Onboarding and Communication

00:09:53
Speaker
I mean, I think that relationships need to be more structured or successful relationships are. And at work, it needs to be very much a two way street, especially during those onboarding those first six months.
00:10:04
Speaker
The leader isn't telling the person how to work. The the leader is learning how to create an environment around the employee so that they can work in a way that is efficient and production productive.
00:10:17
Speaker
Now, as an employee, because a lot of leaders don't do this, It's your job to make that happen. So you go into one ones, and you ask questions such as, you know, what is your what are your career goals for me?
00:10:30
Speaker
How do you see me developing in the organization? How do you like to communicate? Because this is how I like to communicate. What's the best way to reach you when there's an urgent matter?
00:10:42
Speaker
um I really value one to ones. So please don't cancel them. Or if you do, let's reschedule them. Yes. These are the types of things we can say. Yeah. When I was, so when I'm interviewing someone to come work for me, one of the key questions I always ask is how do you like to be managed?
00:11:01
Speaker
What is about, what is it I could do that would really annoy you? And what have you not liked about, um, the people that have been your managers in the past? Those are great. I love the question.
00:11:14
Speaker
What do you go home and complain about? Very good question. And just yeah having that dialogue is so crucial, but we don't feel that we're capable. And I say we as general universal we.
00:11:26
Speaker
We aren't taught as employees that we can have these conversations and that how these conversations are important to us actually succeeding in our career. We'll stay at an organization longer. We'll learn more at that organization.
00:11:38
Speaker
We'll make the job easier for the leader that we're around.
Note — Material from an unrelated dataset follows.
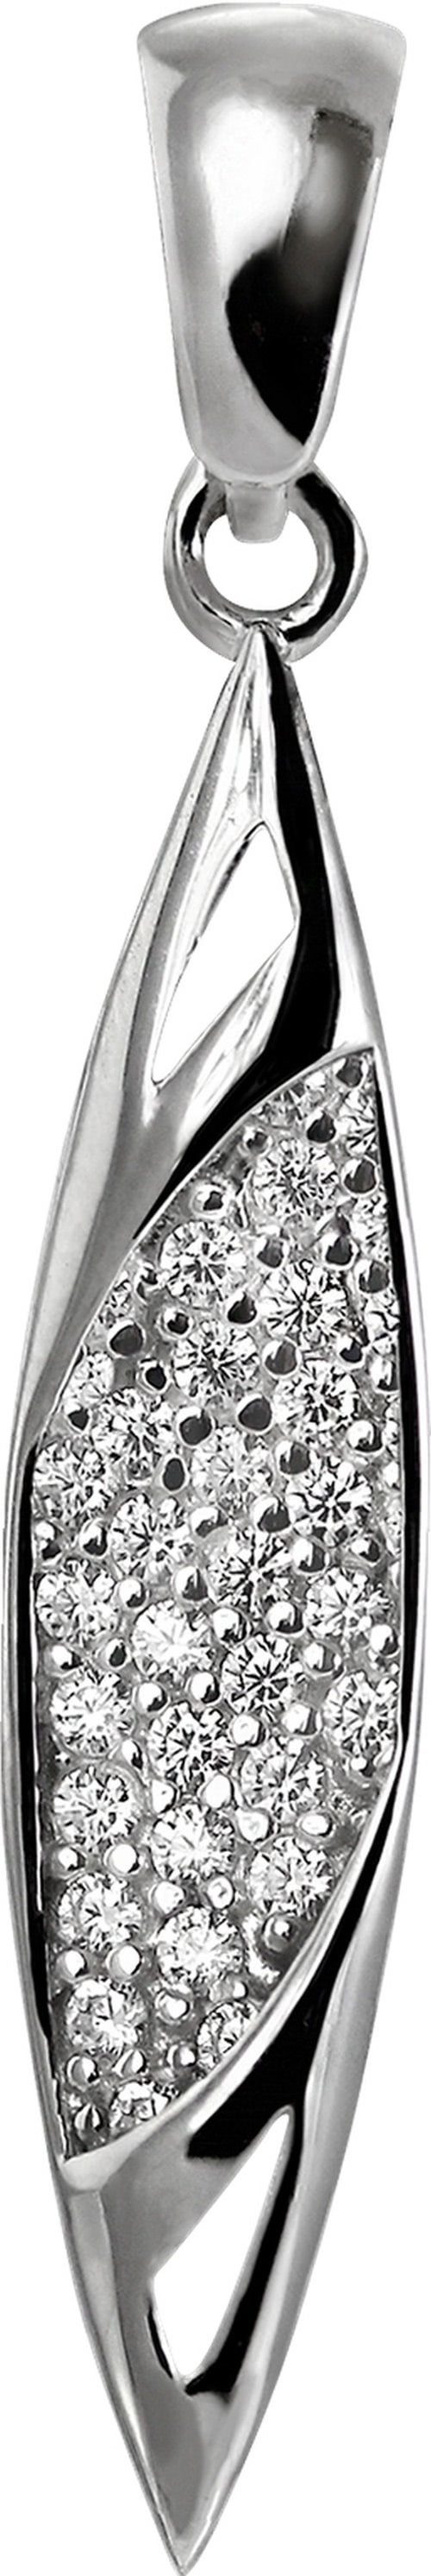 SilberDream Kettenanhänger SilberDream Damen Ship Ketten-Anhänger, Shipanhänger 925 Sterling Silber, silber, weiß

And I think it's it's really important to note too that the project that you're very stressed out about that maybe is causing you to be unhappy is more than likely, I'd say over 90% is not going to be remembered in a year.
00:12:00
Speaker
And if you leave the organization and

Prioritizing Job Satisfaction Over Stress

00:12:02
Speaker
it's 100% isn't going to be remembered by anybody out that really is going to be working with you. And I hope this lends a little bit of softness, right?
00:12:15
Speaker
And grace our days. So like, well, what is really important about what we're doing? And maybe it might have some impact, right? Real impact on the world. But no one's really going to call out what you've done at your next job.
00:12:27
Speaker
And so what you're doing on a day-to-day basis is less about your career. And it's more about your satisfaction and the value that you get from your work. I agree with you entirely. I'm so thinking there is an aspect of work which is based historically on the master and servant type relationship, but that is a relationship format which is changing as the way in which we work changes. We're no longer looking necessarily for a manager to tell us what to do.
00:12:57
Speaker
We're looking for someone who's going to lead us and enable us to to be better at what we do. ah think also more people are probably... um looking at what is the lifestyle that I want to have? How do I craft a job, a work, a career around the lifestyle that I want to have rather than simply the accumulation of wealth or the progression of a career?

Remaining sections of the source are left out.